En cuanto a «La Voz de Alerta», que ignoraba todavía la detención de Laura y la astuta combinación urdida al respecto por Cosme Vila, pagaba con la misma moneda que éste y perseguía a muerte a todas las Lauras rojas que se le ponían a tiro —Paz Alvear, de momento y por puro milagro se había salvado—; y a cuantos le aconsejaban que no se precipitase en sus decisiones, recordándole lo sucedido con el doble de Dionisio, les contestaba con una frase de Negrín: «Prefiero que mueran veinte inocentes que se escape un espía». Su brazo derecho, Javier Ichaso, en la plaza de toros de Santander había capturado, entre los prisioneros, y en nombre del SIFNE, no menos de doce agentes enemigos y a la sazón se proponía pedir la colaboración del Ejército para acabar con los guerrilleros «rojos» que se habían refugiado en los montes de Asturias y de Santander, los cuales bajaban de noche a los pueblos, dispuestos, como siempre, a matar al cura y al sargento de la Guardia Civil.
Fanatismo, guerra a muerte… Solidaridad Obrera publicó un suelto que decía: «Ha muerto DE PENA el padre Gafo, al ver que sus hijos, los fascistas, perderían la guerra». El Pensamiento Navarro, que dirigía don Anselmo Ichaso, publicó el mismo día un anuncio redactado en los siguientes términos: «Hacendado matrimonio adoptaría huérfano de guerra, a condición de que su padre hubiese luchado con el Ejército Nacional». Fanatismo, guerra a muerte… Destitución, ¡y quizá muerte!, del Ministro de la Guerra, Indalecio Prieto, acusado por Axelrod de haber desestimado los consejos de los militares rusos y, en consecuencia, haber perdido la batalla de Teruel. Destitución, ¡y tal vez muerte!, de Álvarez del Vayo, de Barcia y de Yango y otros masones de primera fila si no conseguían, en París y en Londres, en sus entrevistas con Leon Blum, con Delbos y Chautemps, que el conflicto español se convirtiera en el conflicto internacional de que Julio García había hablado «por hablar» en el café Neutral y que deseaban intensamente David, Olga y otros innumerables fanáticos de la zona «roja».

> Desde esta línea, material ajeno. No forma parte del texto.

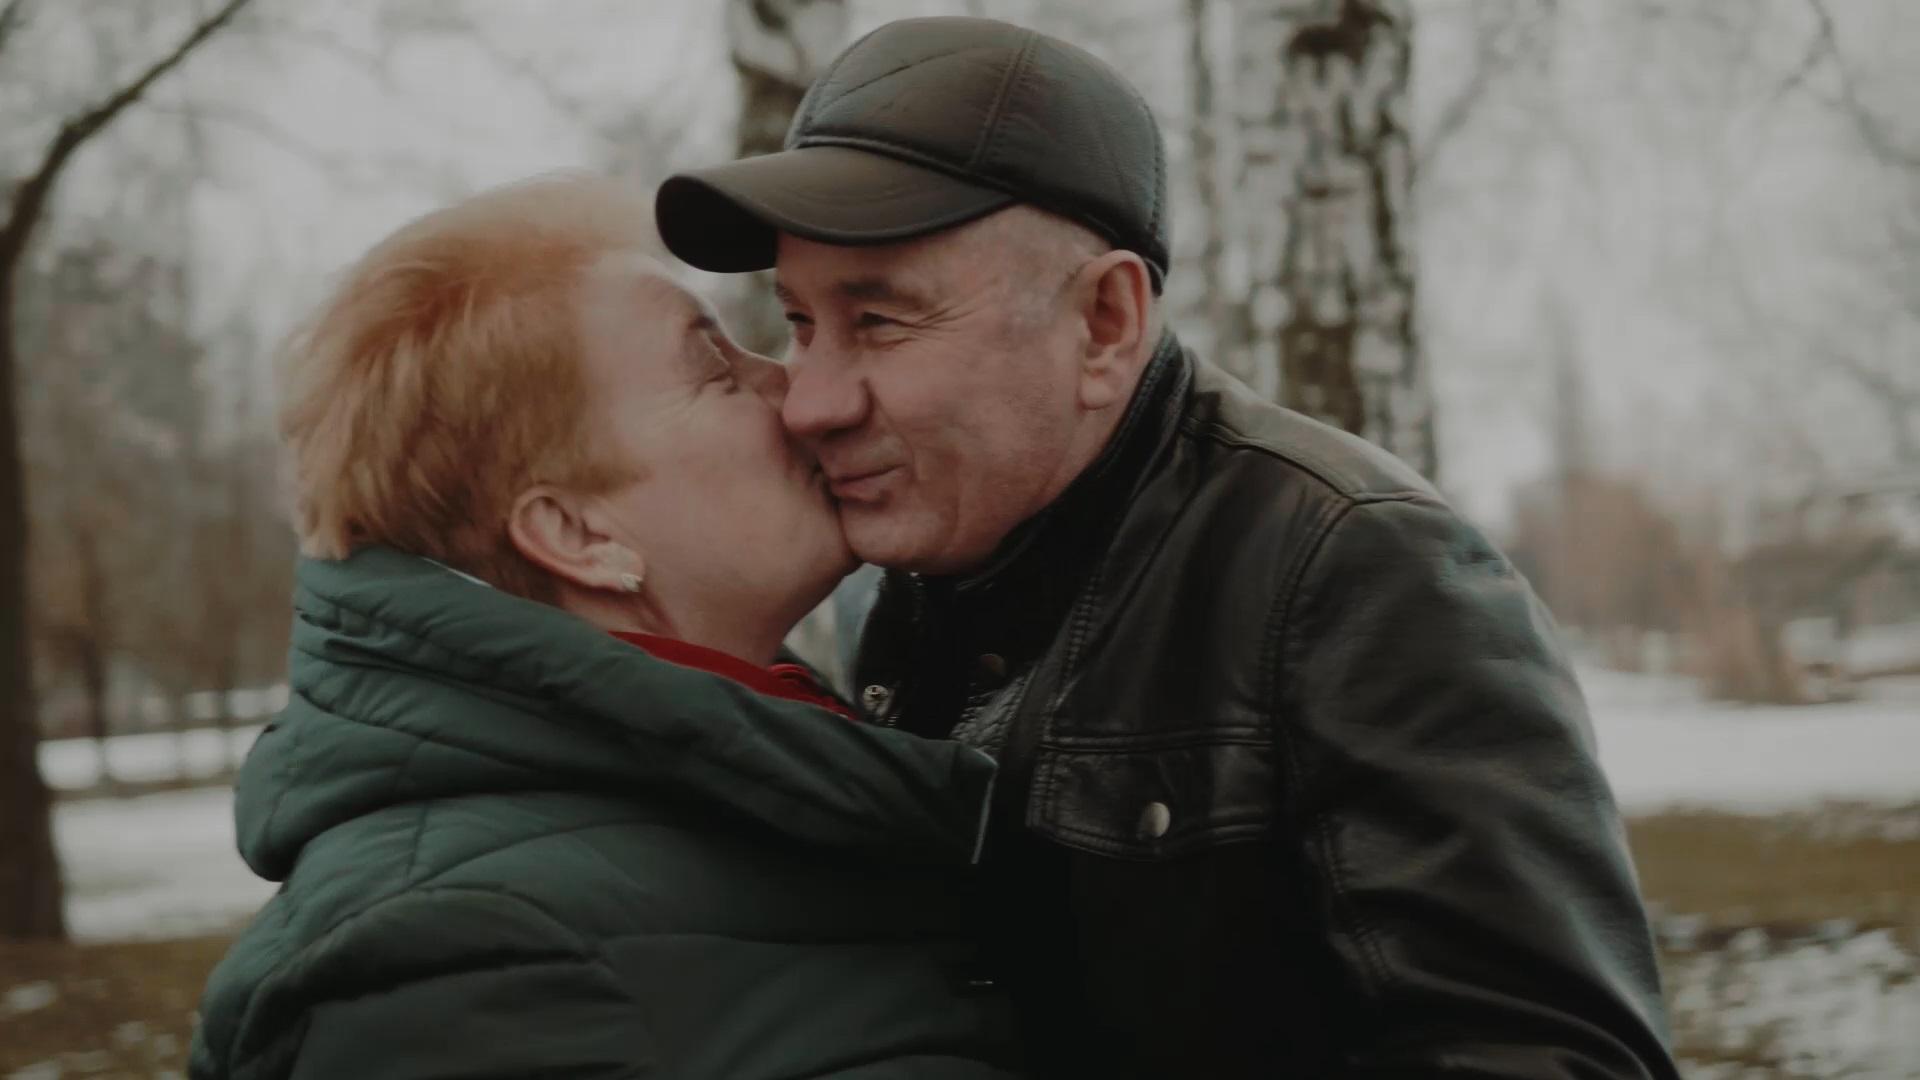 профессиональный видеограф киев

Fanatismo, espías, héroes vivos y héroes muertos. ¿Cuándo uno de ellos, de cualquiera de los dos bandos, conseguiría poner fin a la lucha fratricida?

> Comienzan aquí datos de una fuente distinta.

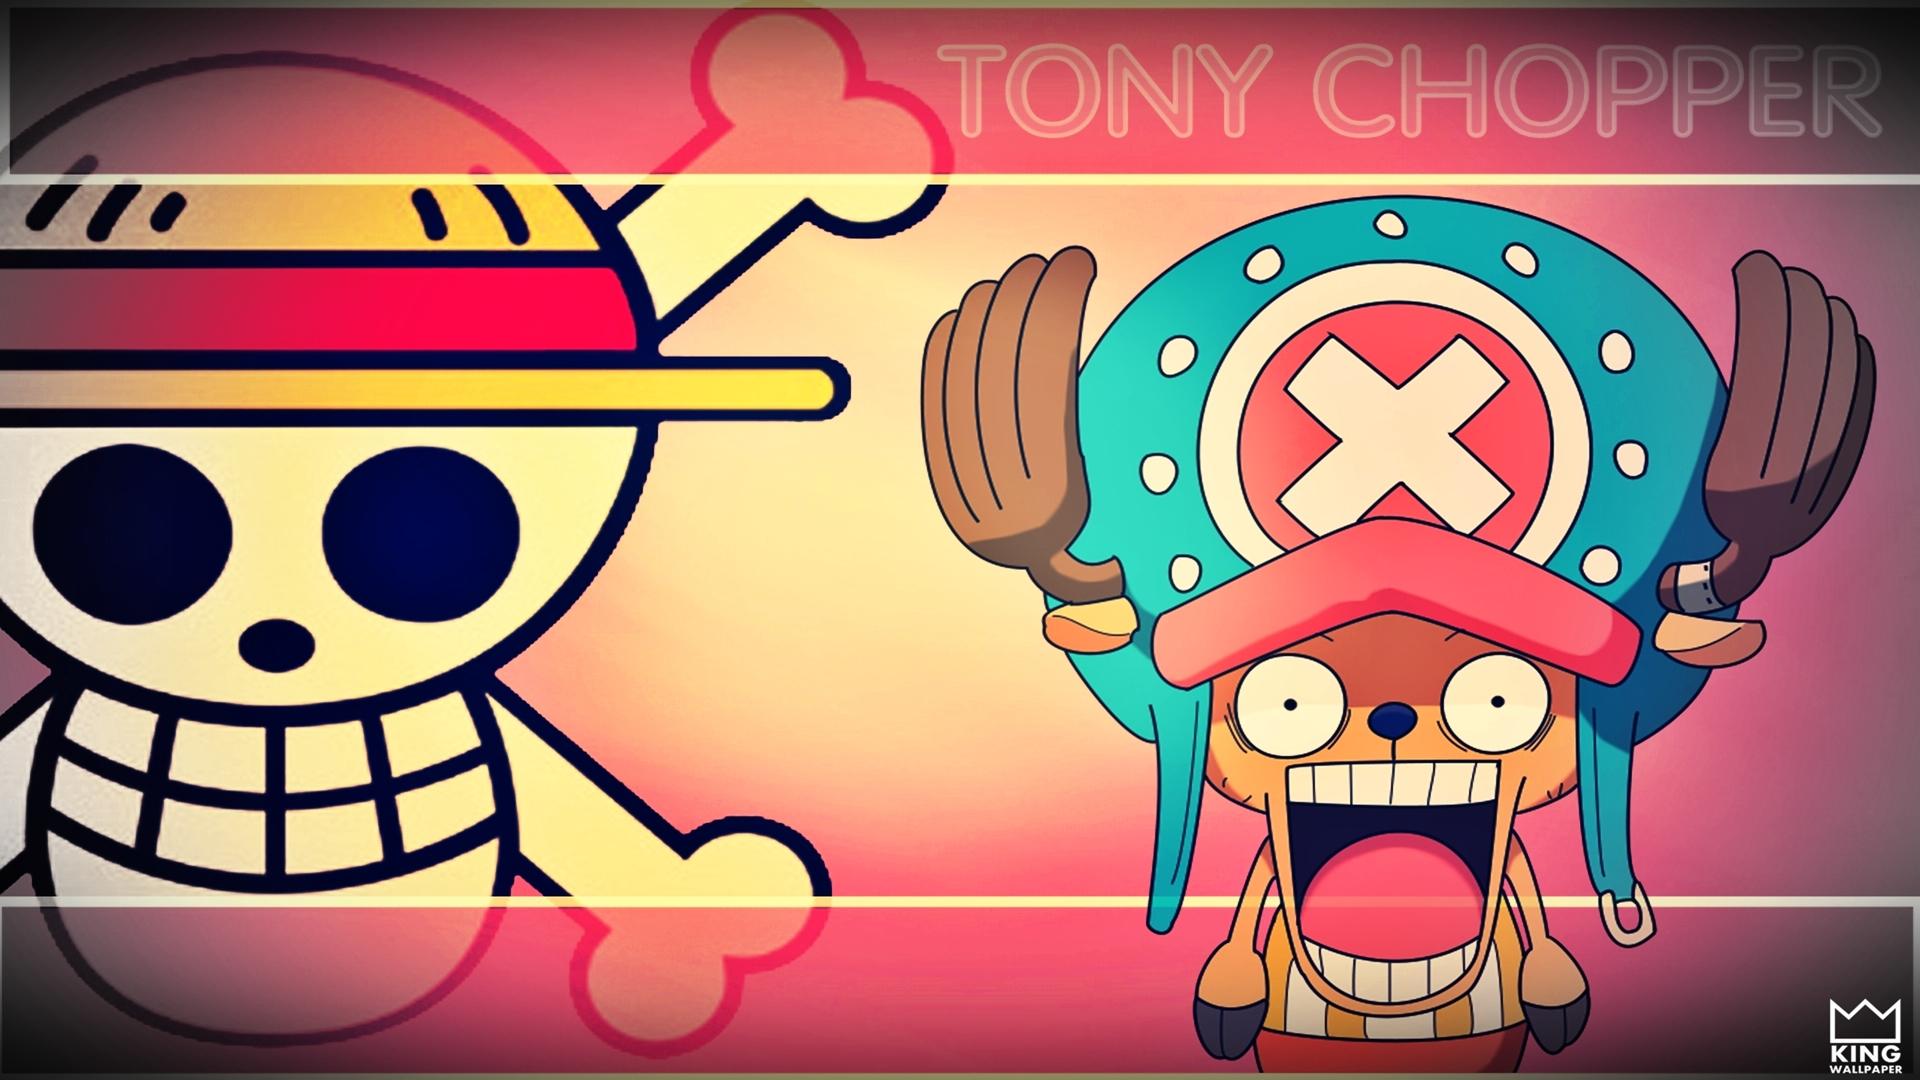 Tony Chopper Wallpaper - @One Piece by Kingwallpaper on ...

Tal vez el jaque mate no estuviera lejos. Por lo menos don Anselmo Ichaso abrigaba esta esperanza. Don Anselmo Ichaso, organizador del SIFNE, acababa de colocar en su paisaje de trenes eléctricos, una estación preciosa, pintada de rojo, que decía: «Barcelona».
—¿Por qué de rojo?
—Porque los primeros soldados que entren en ella serán los fanáticos requetés, requetés de las Brigadas Navarras.